The main restriction is that the old-style Windows desktop isn’t really present. The basic tools & utilities are there and so is Office, but you can’t just install your old Windows applications – you need full Windows 8 on a desktop or laptop for this.

The new Modern UI is brilliant, in my opinion. The tiles are the right size to be easy to use with the touchscreen and they easily flow their layout to suit their environment, so you can use it in either portrait or landscape orientations, or snapped in (see below) or on Windows Phones. The tiles can update to show you status info (unlike old, dead desktop icons). The design also carries through inside the new apps and internal data items (such as a person or a sports team) can be pinned to the start screen, exposing the content that is important to you right at the surface of the *ahem* Surface. Common operations, such as searching and sharing, are also integrated so you no longer have to learn a new apps’ quirks to do basics (well, not so much anyway, hopefully).

This design is also already all over much of Microsoft’s websites so should quickly become ubiquitous and familiar. It’s also worth pointing out that Microsoft has quite a stable of products and services. They are all getting an overhaul and being integrated via Windows 8. Here are some obvious examples:


MySpace Social networking, like Facebook, Twitter
Xbox Music (was Zune) Pay-per-track (iTunes) or subscribe (Spotify)
Xbox Also does PC games (like Steam)
Skype Web-cam, like FaceTime
SkyDrive Online file storage (DropBox)
Azure Application development and hosting platform
Office 365 Office and business tools and collaboration, including SharePoint

Integrating that lot is going to be an on-going effort, I suspect, because that integration of services is going to be key. We increasingly have the potential to “do stuff” wherever we happen to be, but we want to be “doing the stuff” more while managing the toolset less (ideally not at all).

The Launch

The Surface & Windows 8 were both launched on Friday 26th October 2012. I pre-ordered my Surface a few days before the launch and was under the impression that it would probably arrive early so it would be with me for the launch. The Surface was not available in shops at that time and could only be acquired via pre-order from the Microsoft Store. I then received an email telling me that it would arrive sometime between the 26th and Tuesday 30th and giving me a £50 voucher at the Microsoft Store to apologise (not a refund of some of the actual, real money I gave them though, just a voucher and a bunch of restrictions including an expiry date). It actually arrived at 20:30 on Tuesday 30th. I’m not really into “launch dates” and stuff like that. It’s just marketing bullshit anyway. But, if you’re going to play those games, maybe getting the pre-paid punters their goodies for the launch would be a good idea, no?
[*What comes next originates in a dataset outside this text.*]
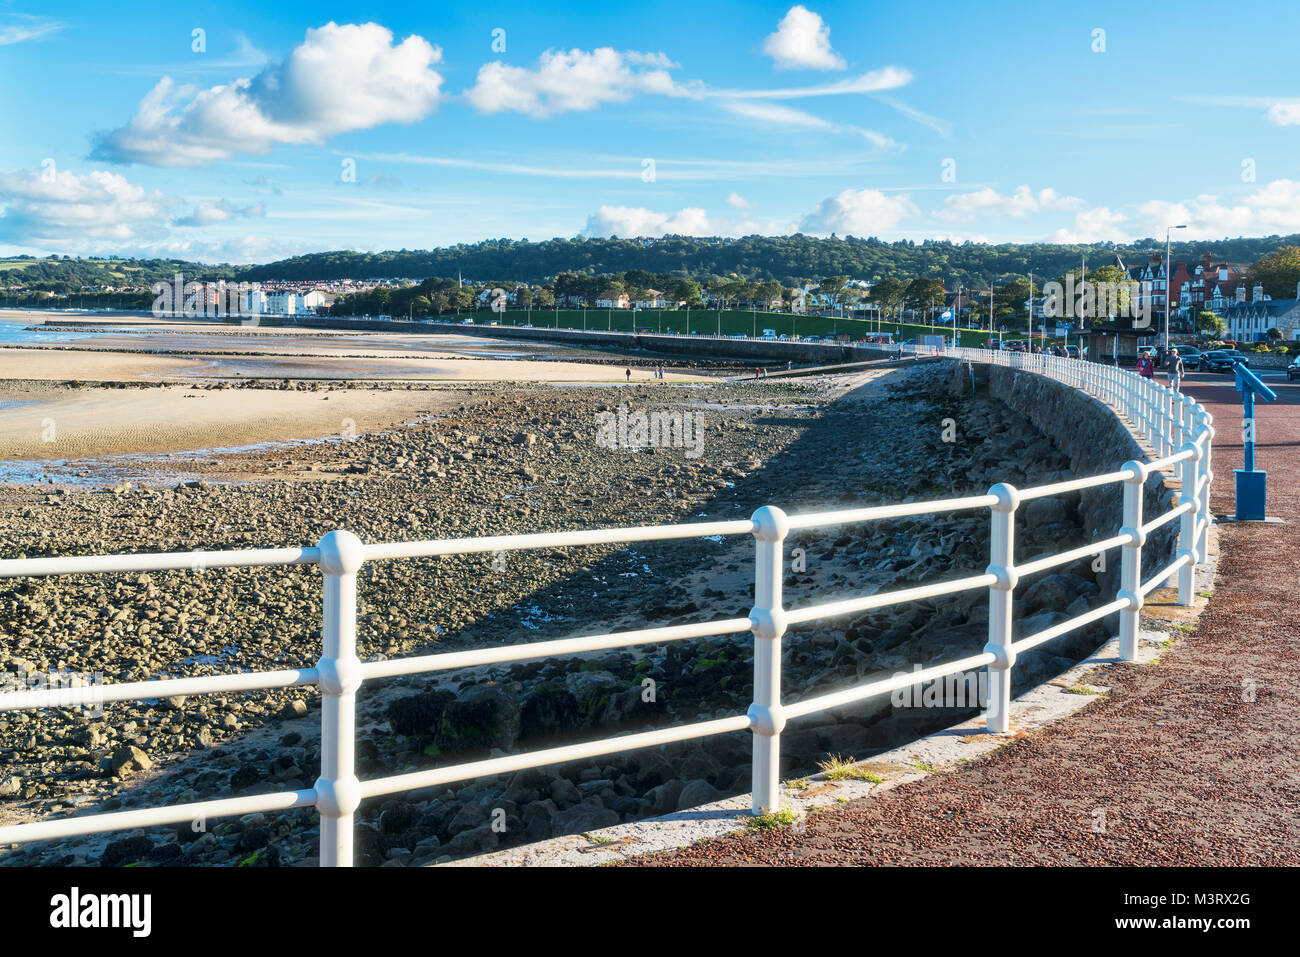 Promenade  Rhos on Sea, Colwyn Bay, seafront, north Wales, UK - Stock Image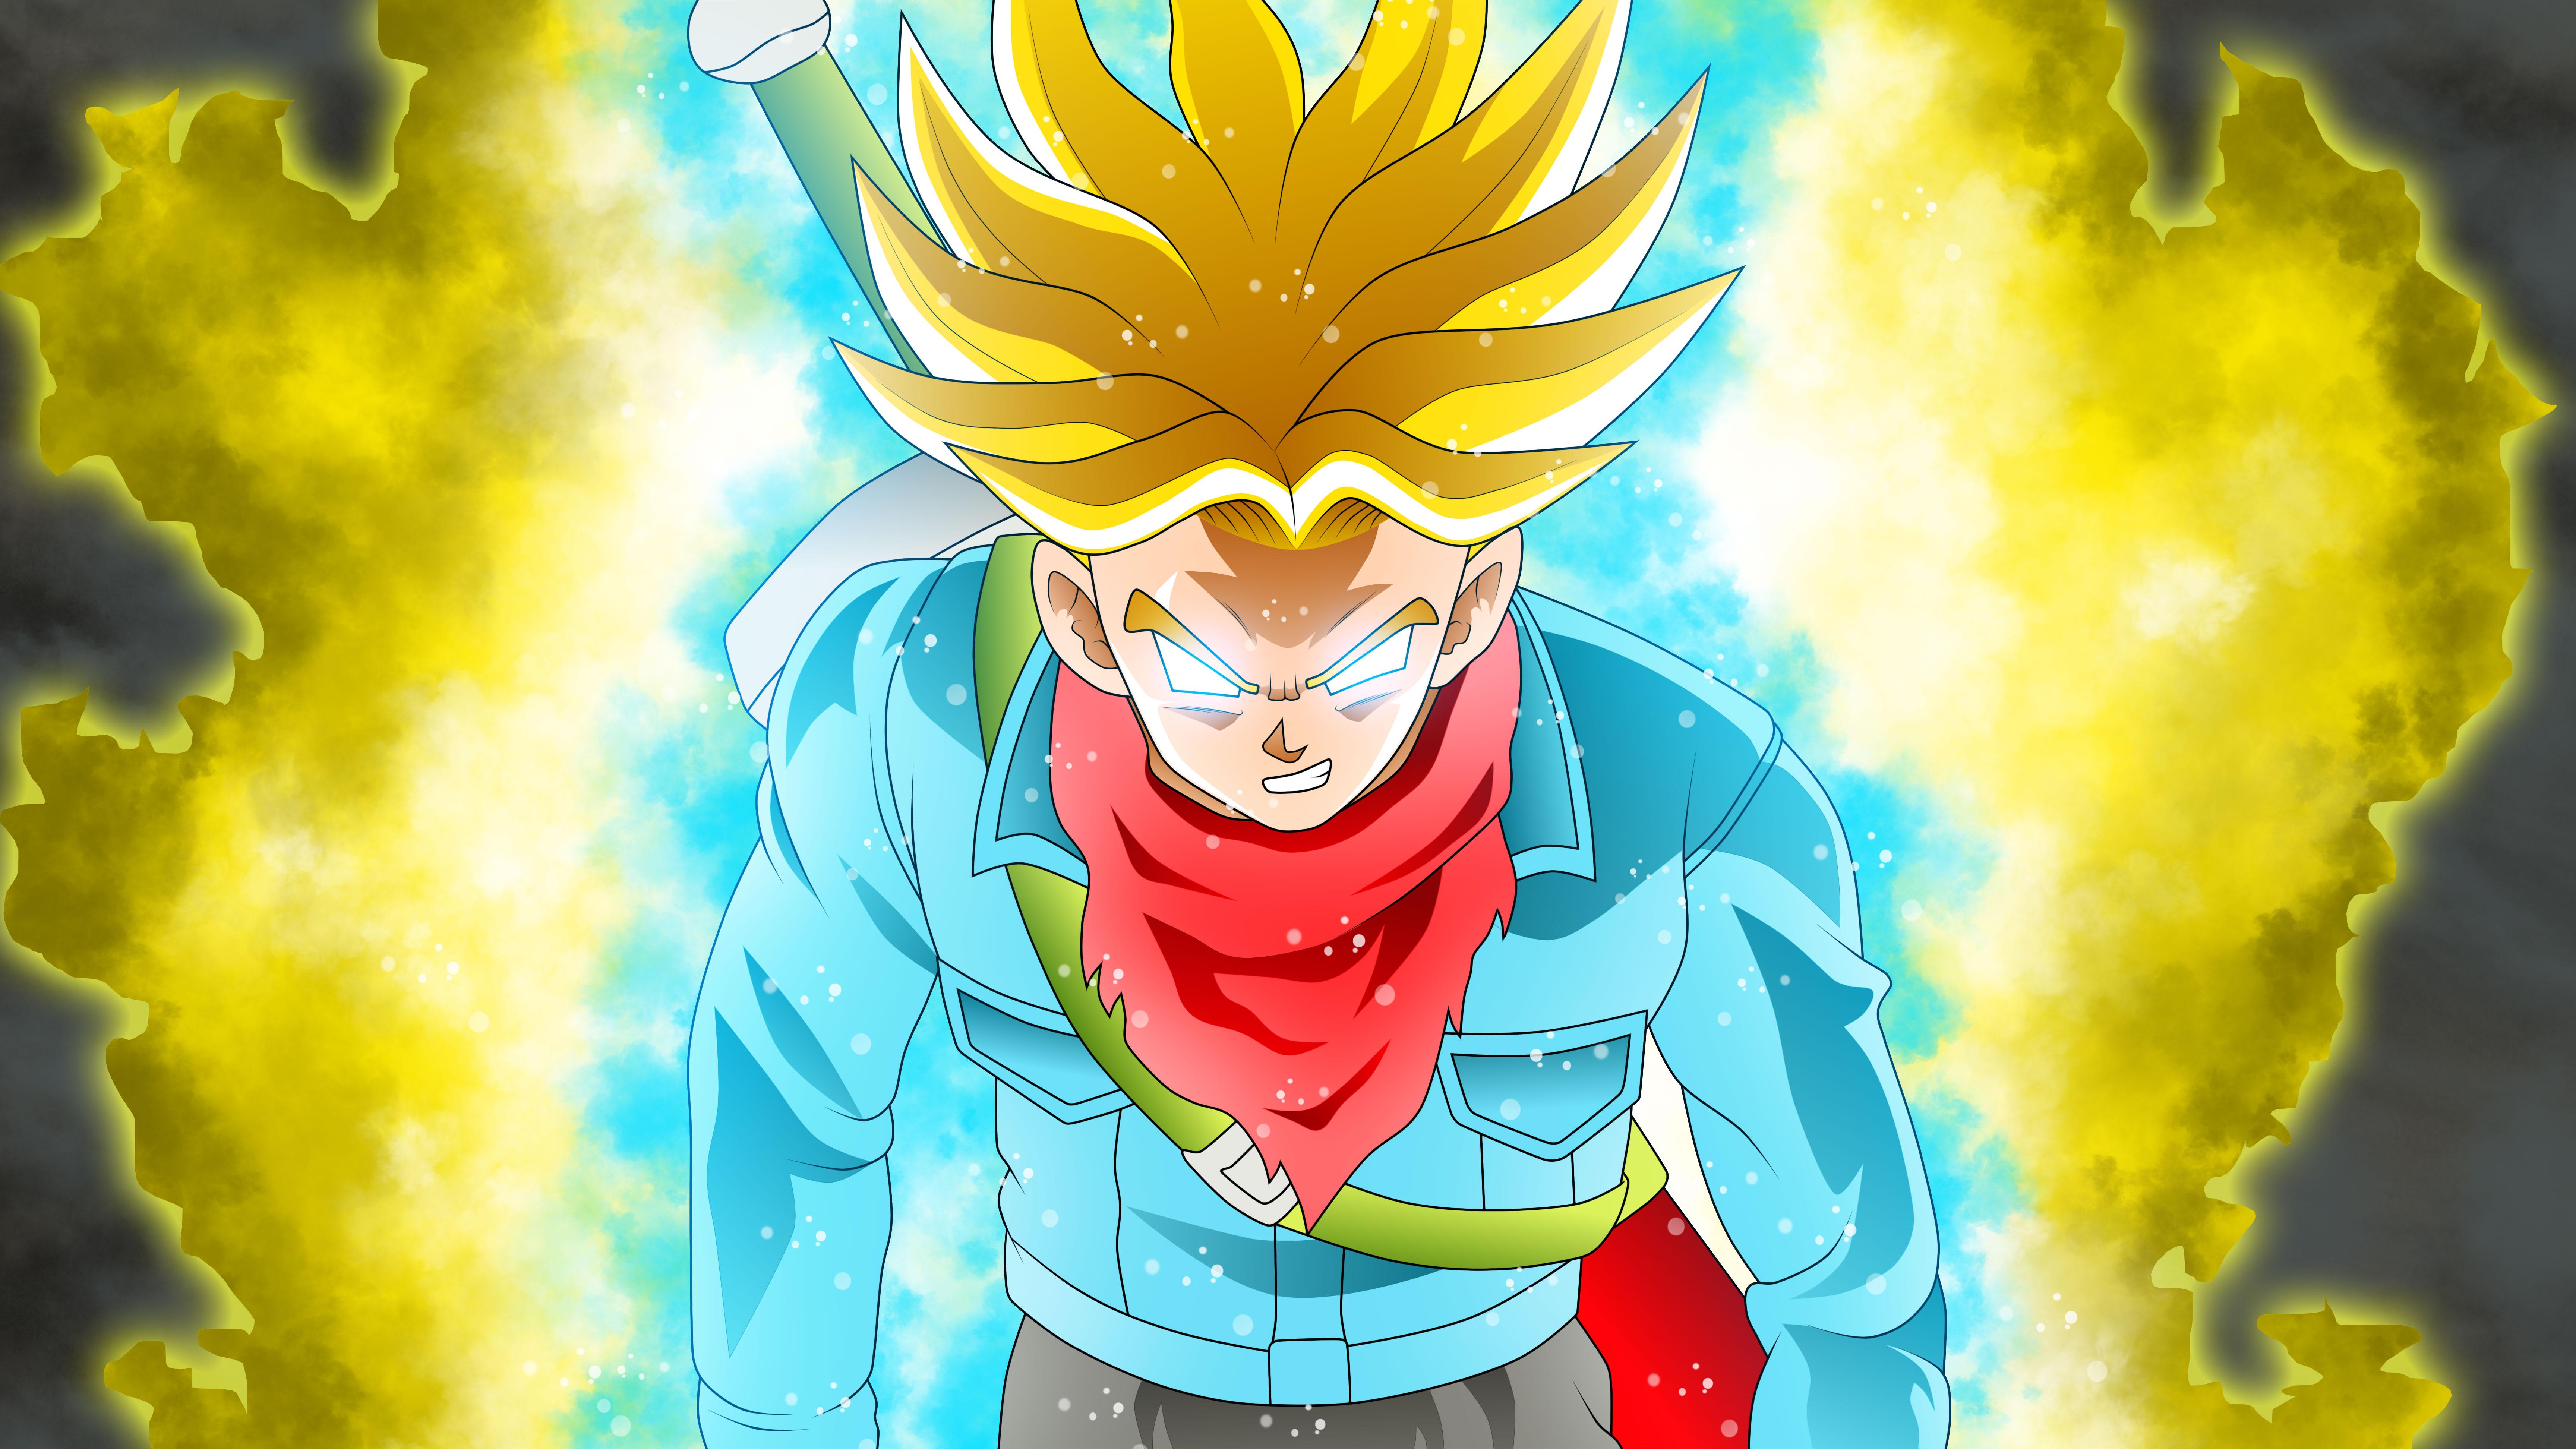 Dragon Ball Super Hd Wallpaper: Trunks Dragon Ball Super, HD Anime, 4k Wallpapers, Images

Once up and running and connected via Wi-Fi it found updates for 15 of the built in apps. I confirmed the updates then swapped away to another screen. It wasn’t clear whether they were going in the background or not and when I swapped back it was stuck downloading part way through the first app, but it sorted itself out in the end. UX could be better.

The Touch Cover and keyboard

The Touch Cover keyboard is surprisingly good. The keys have no action so I can't really touch-type on it properly, but is still very usable. It’s the best compromise between portability and usability I’ve seen. It also has a USB port – I briefly used my external USB keyboard, which seemed to be working as expected.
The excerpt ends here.